Collected data: Begin

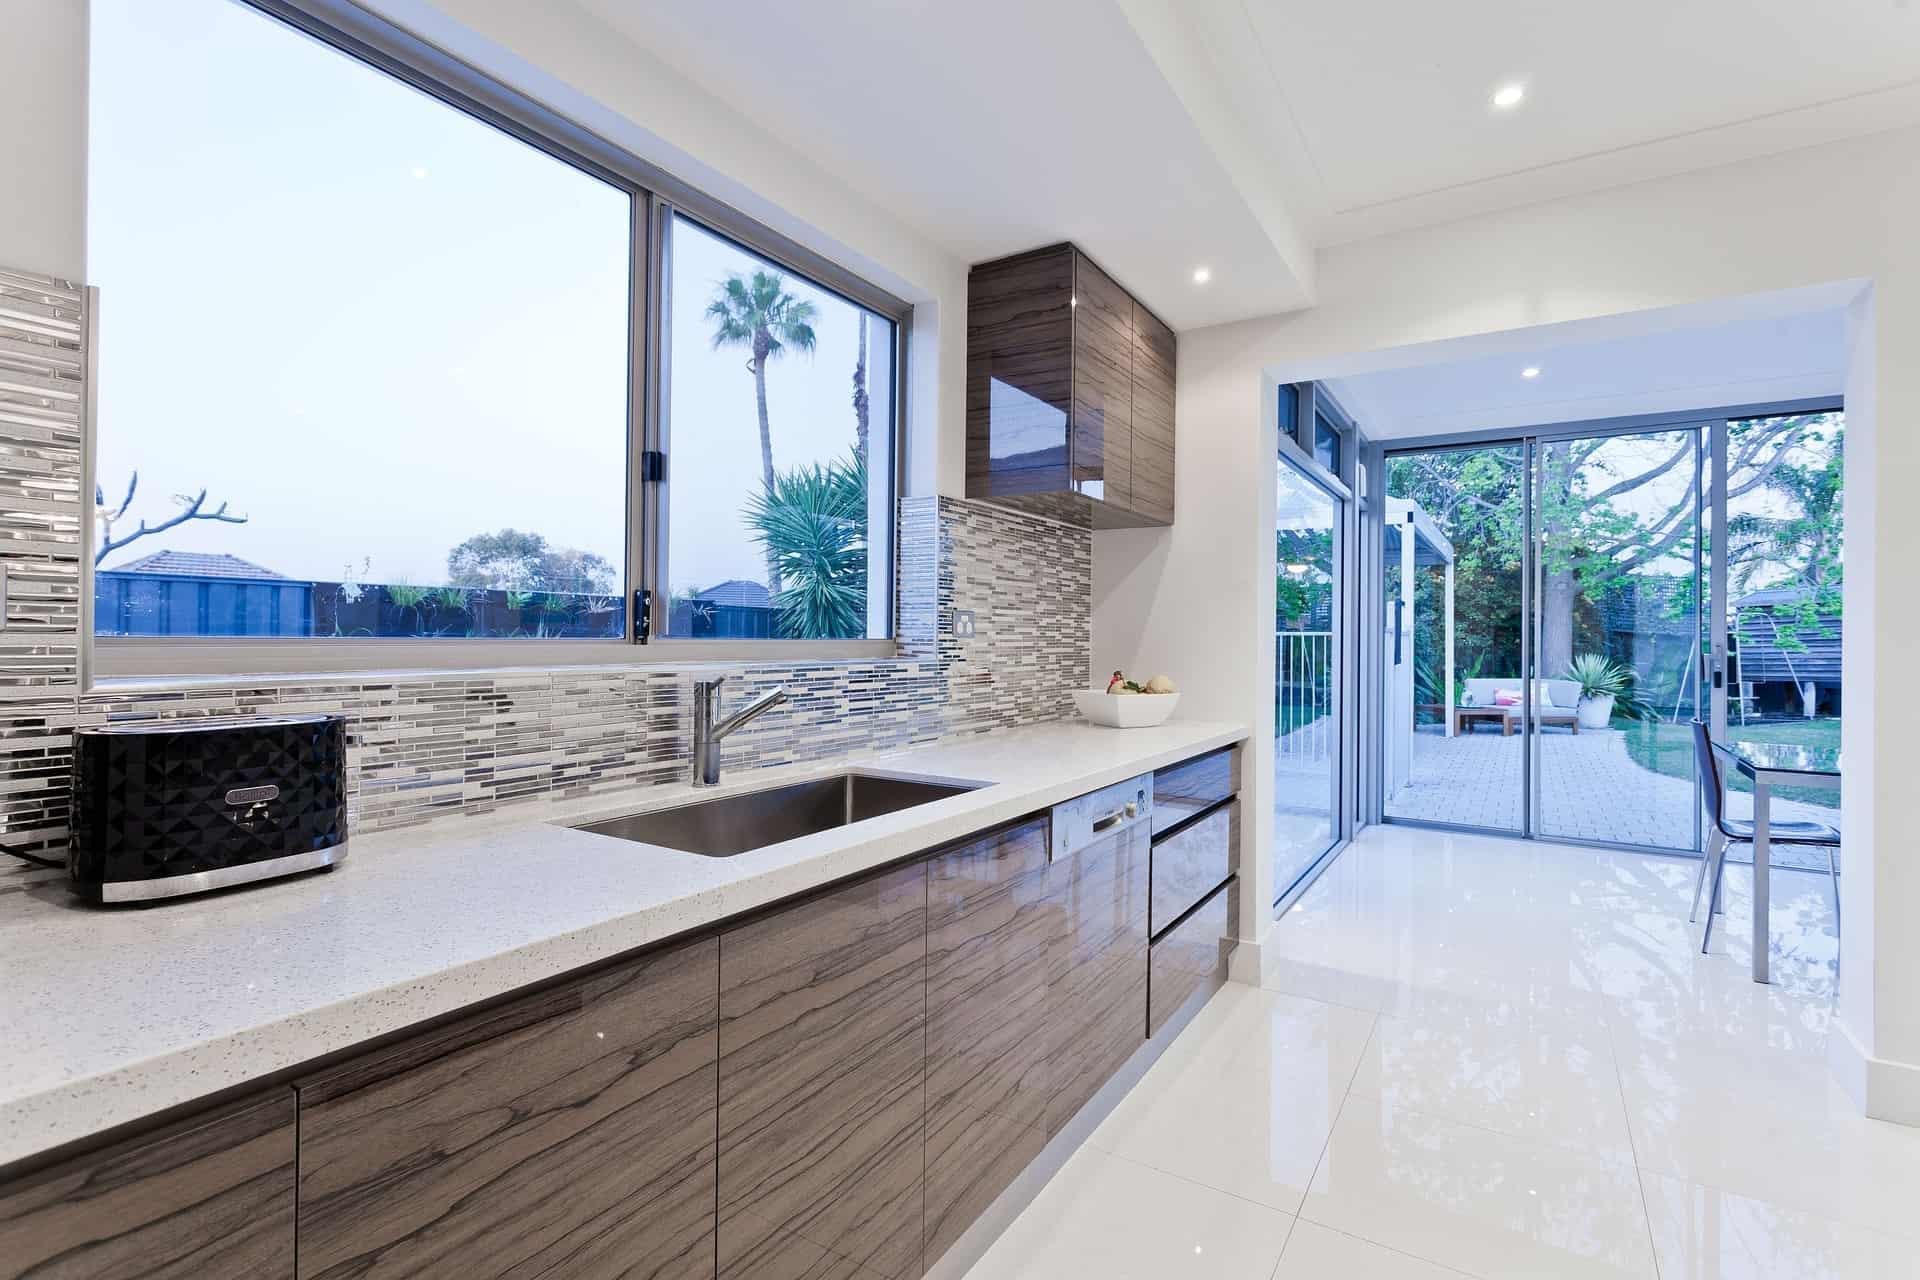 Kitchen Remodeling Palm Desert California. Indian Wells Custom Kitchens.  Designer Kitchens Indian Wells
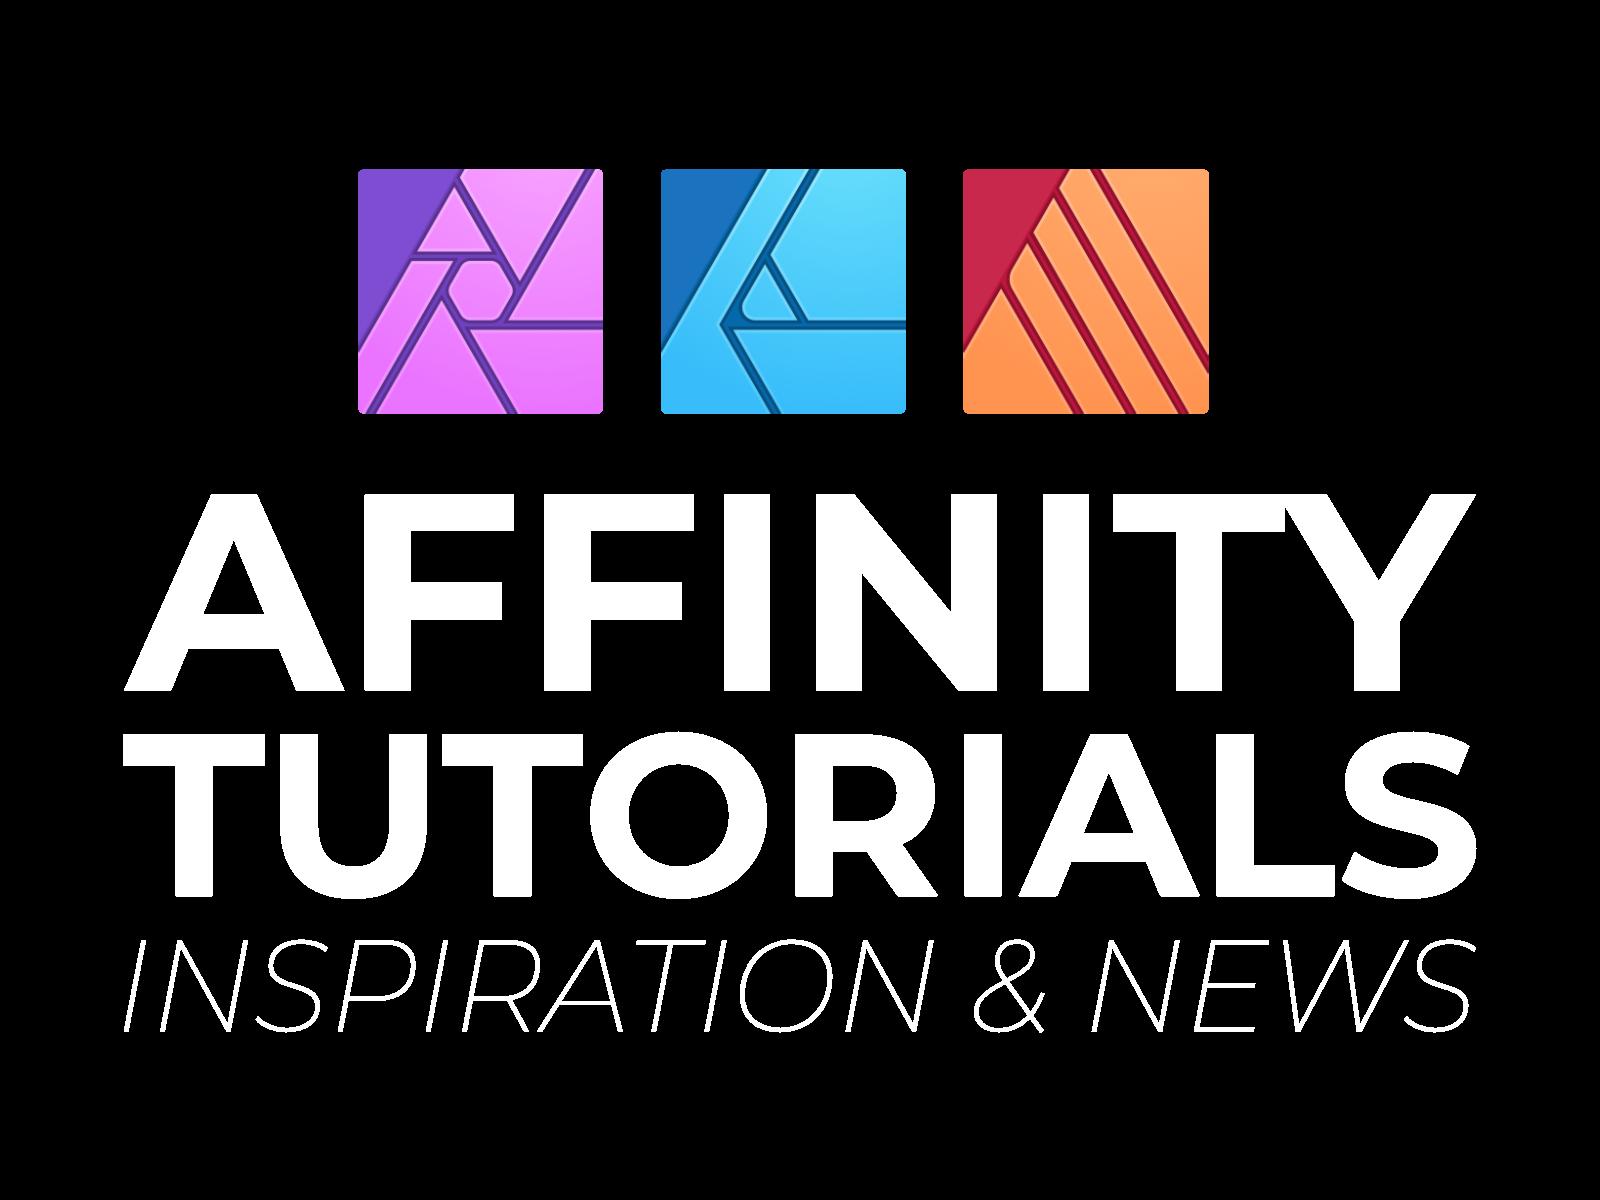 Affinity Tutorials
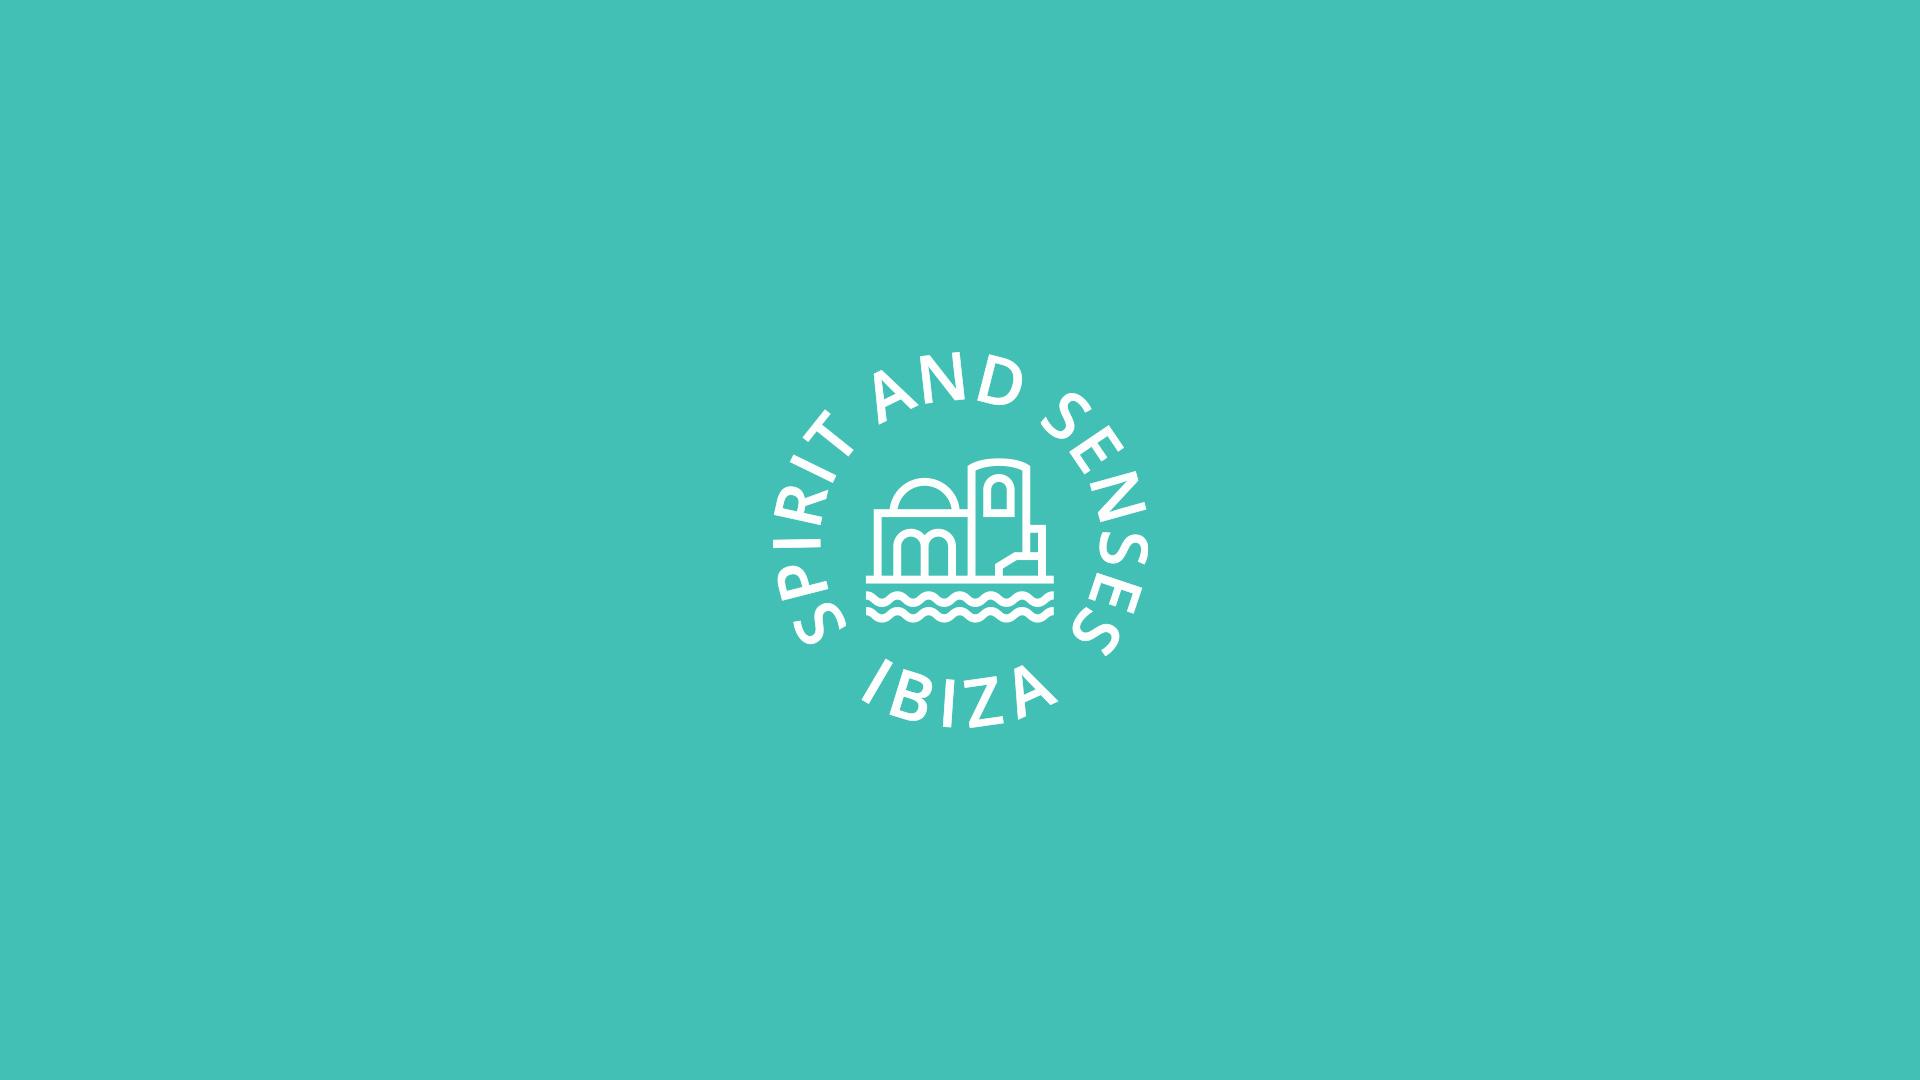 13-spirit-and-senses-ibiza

Collected data: End

### Prompt
Leaving every image behind, repeat the data in full and exactly.

### Result below
 Kitchen Remodeling Palm Desert California. Indian Wells Custom Kitchens.  Designer Kitchens Indian Wells
 Affinity Tutorials
 13-spirit-and-senses-ibiza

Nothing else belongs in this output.